» DATASET EXTRACT
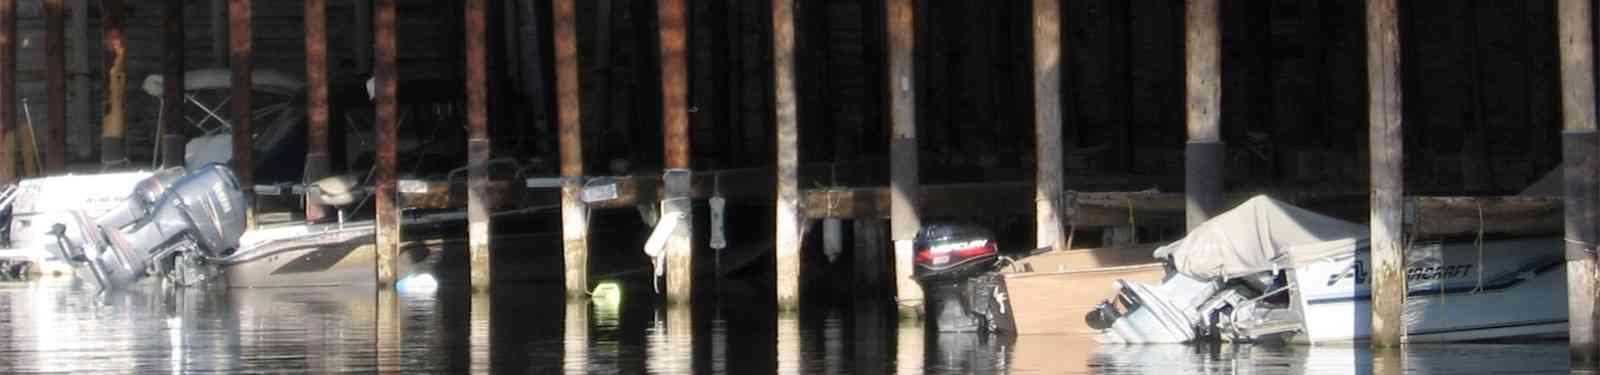 harbor-boat2
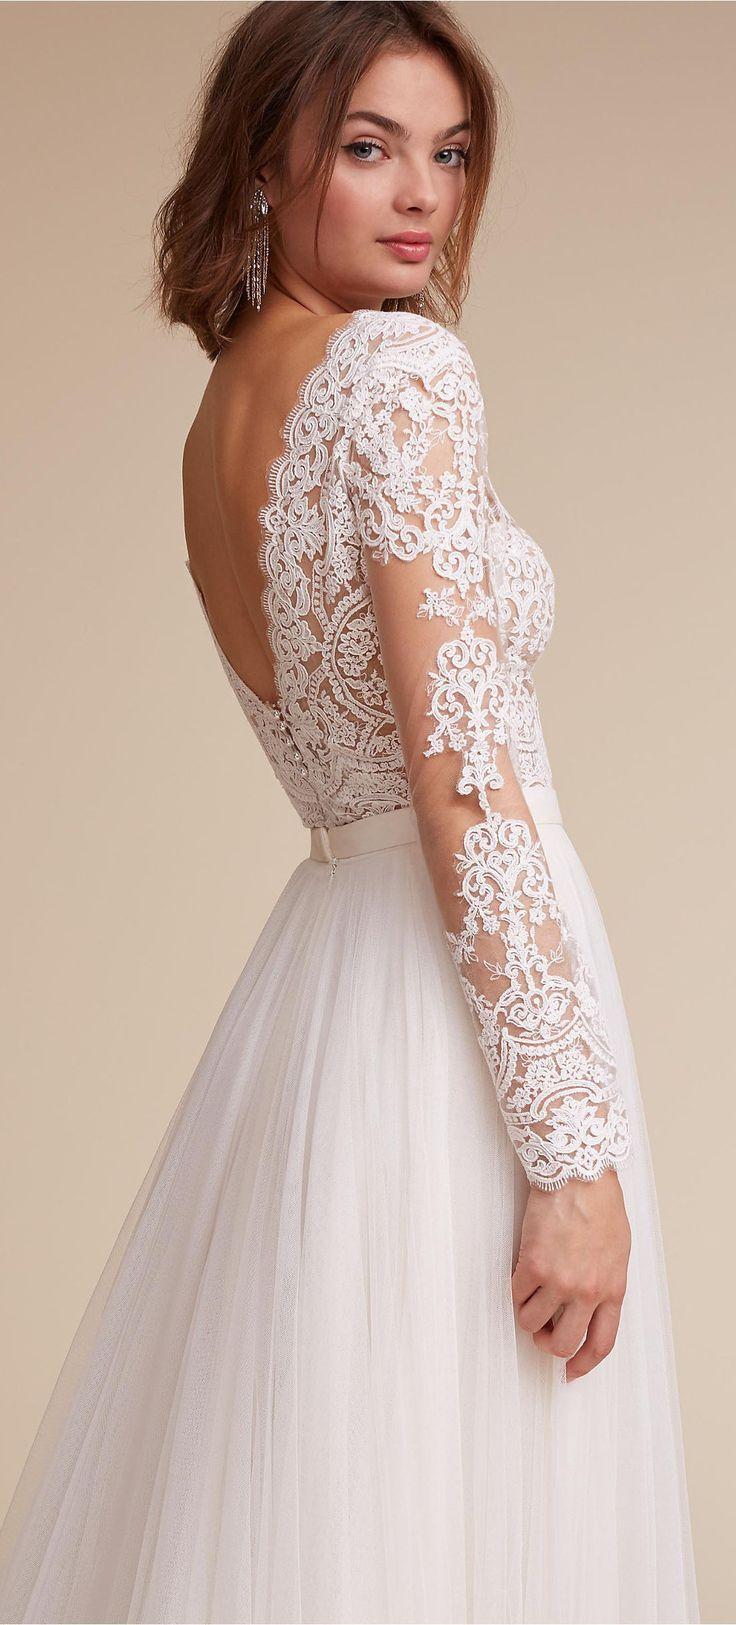 Longsleeve lace wedding dress by BHLDN ウェディングドレス, ドレス
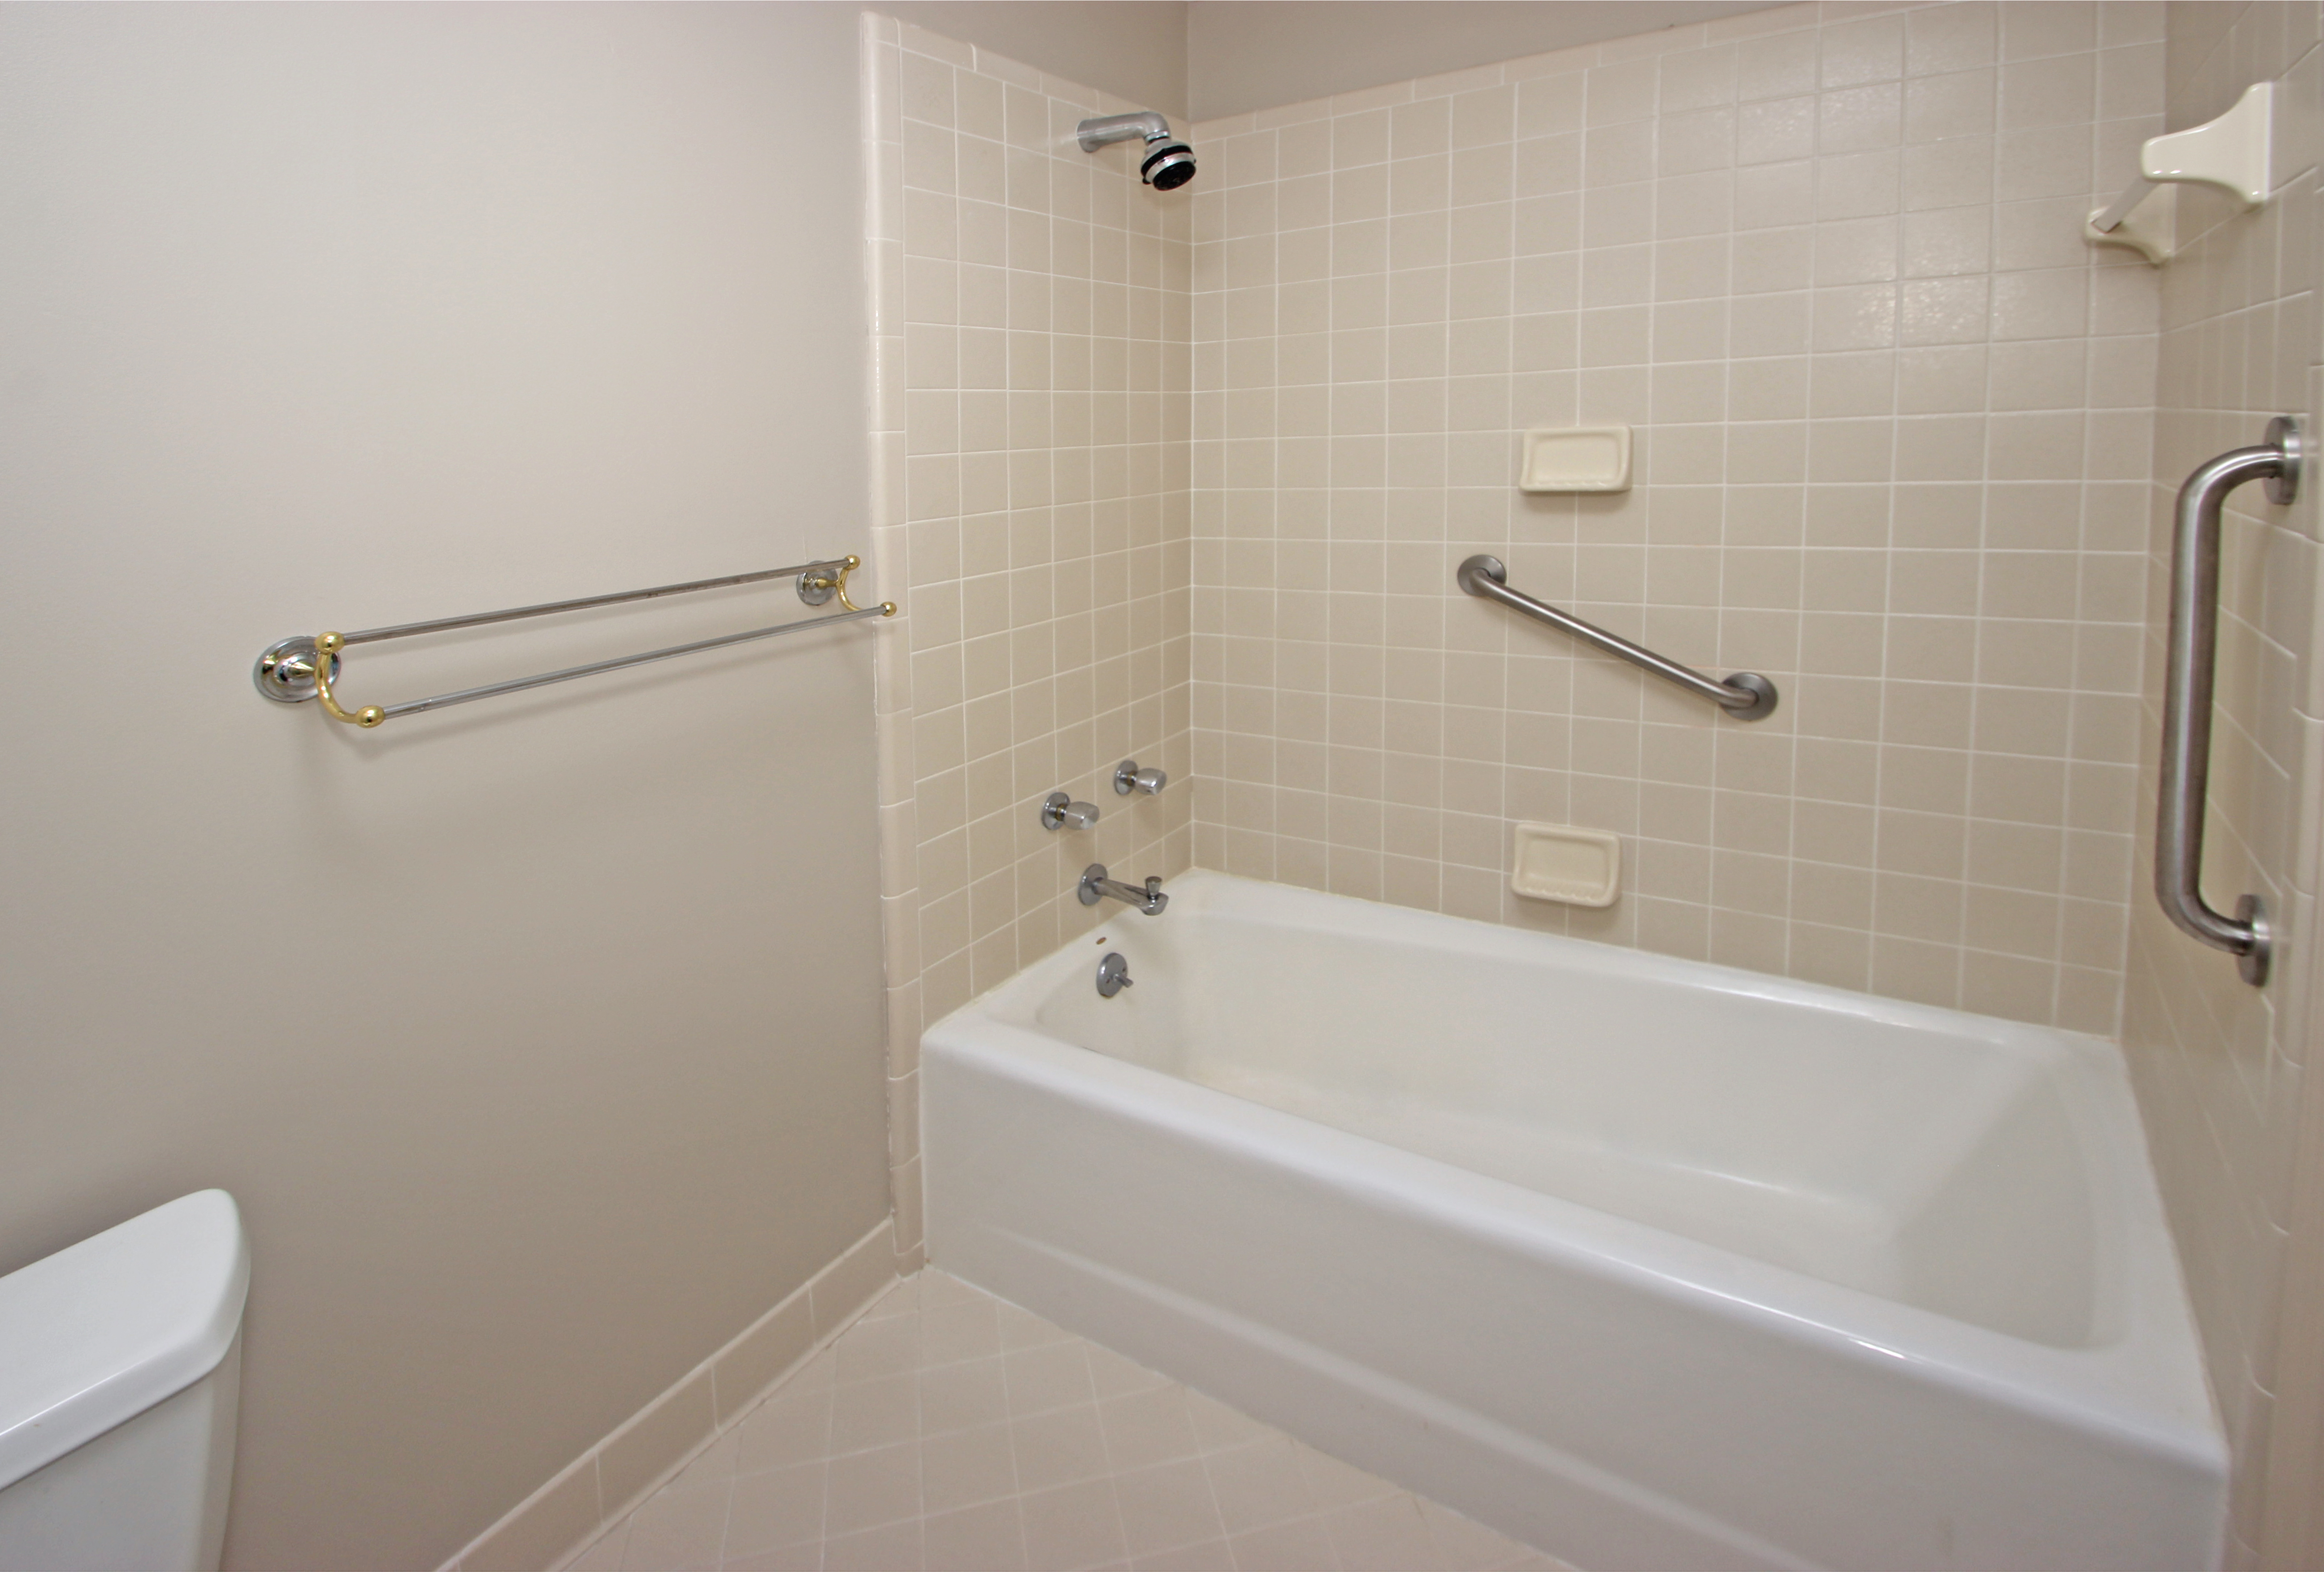 HI -Guest bath - 2nd level 2
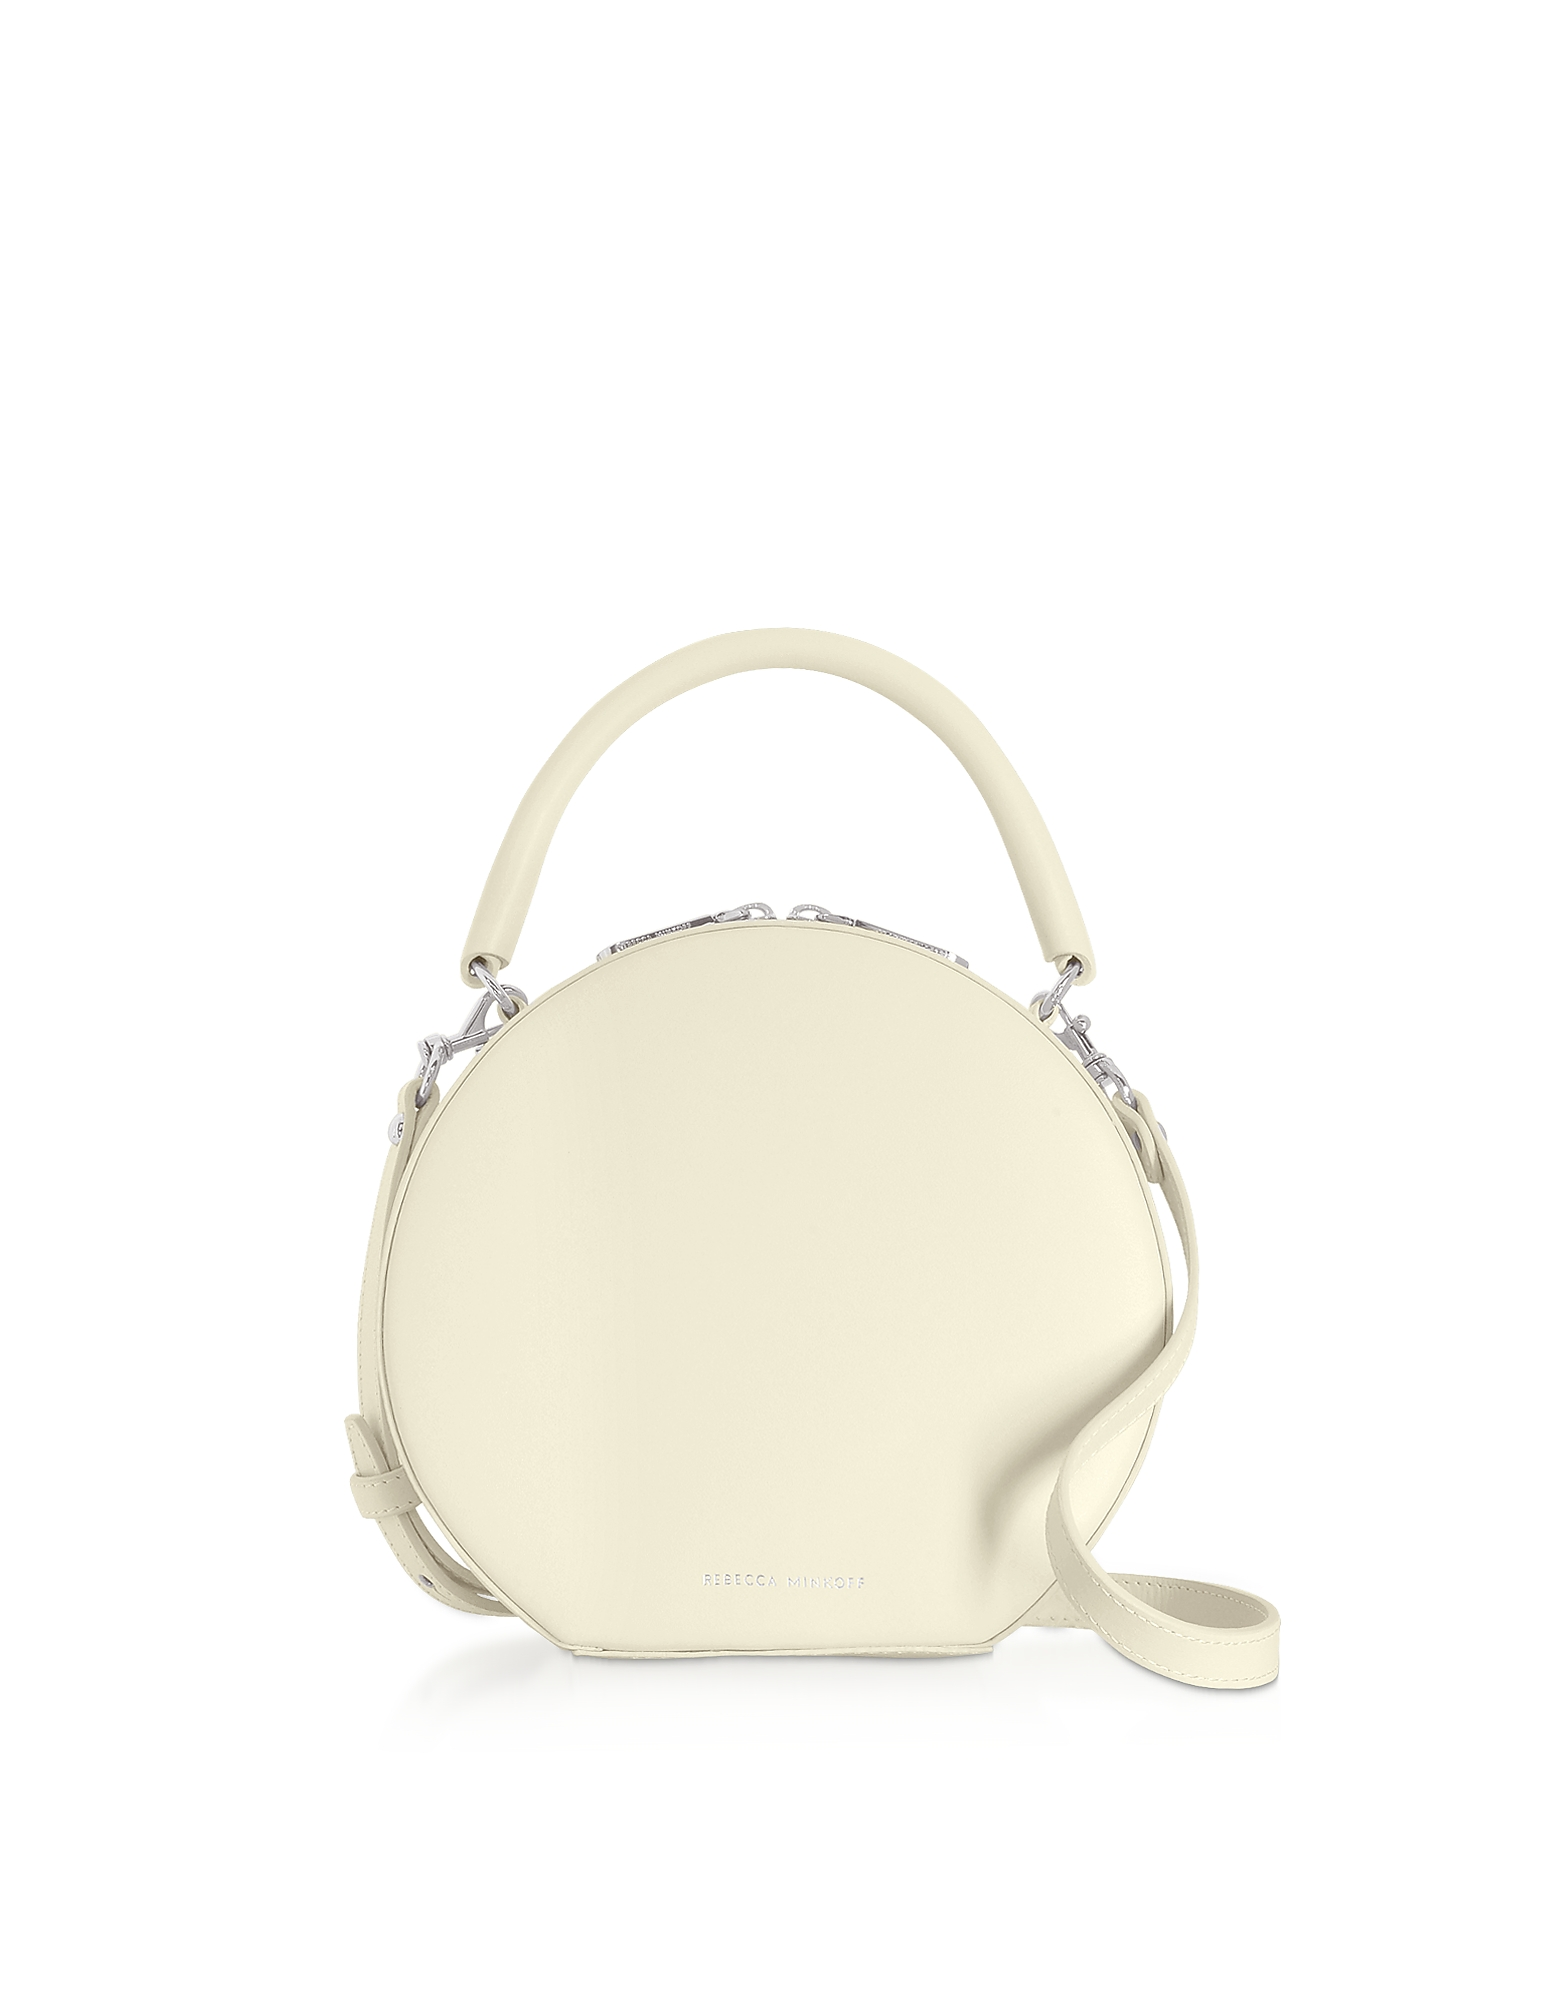 Rebecca Minkoff Designer Handbags, Nappa Leather Circle Crossbody Bag

» WHAT YOU SHOULD DO
The copy must reproduce the listing above verbatim and contain no pictures.

» RESULT FOR THIS TASK
 harbor-boat2
 Longsleeve lace wedding dress by BHLDN ウェディングドレス, ドレス
 HI -Guest bath - 2nd level 2
 Rebecca Minkoff Designer Handbags, Nappa Leather Circle Crossbody Bag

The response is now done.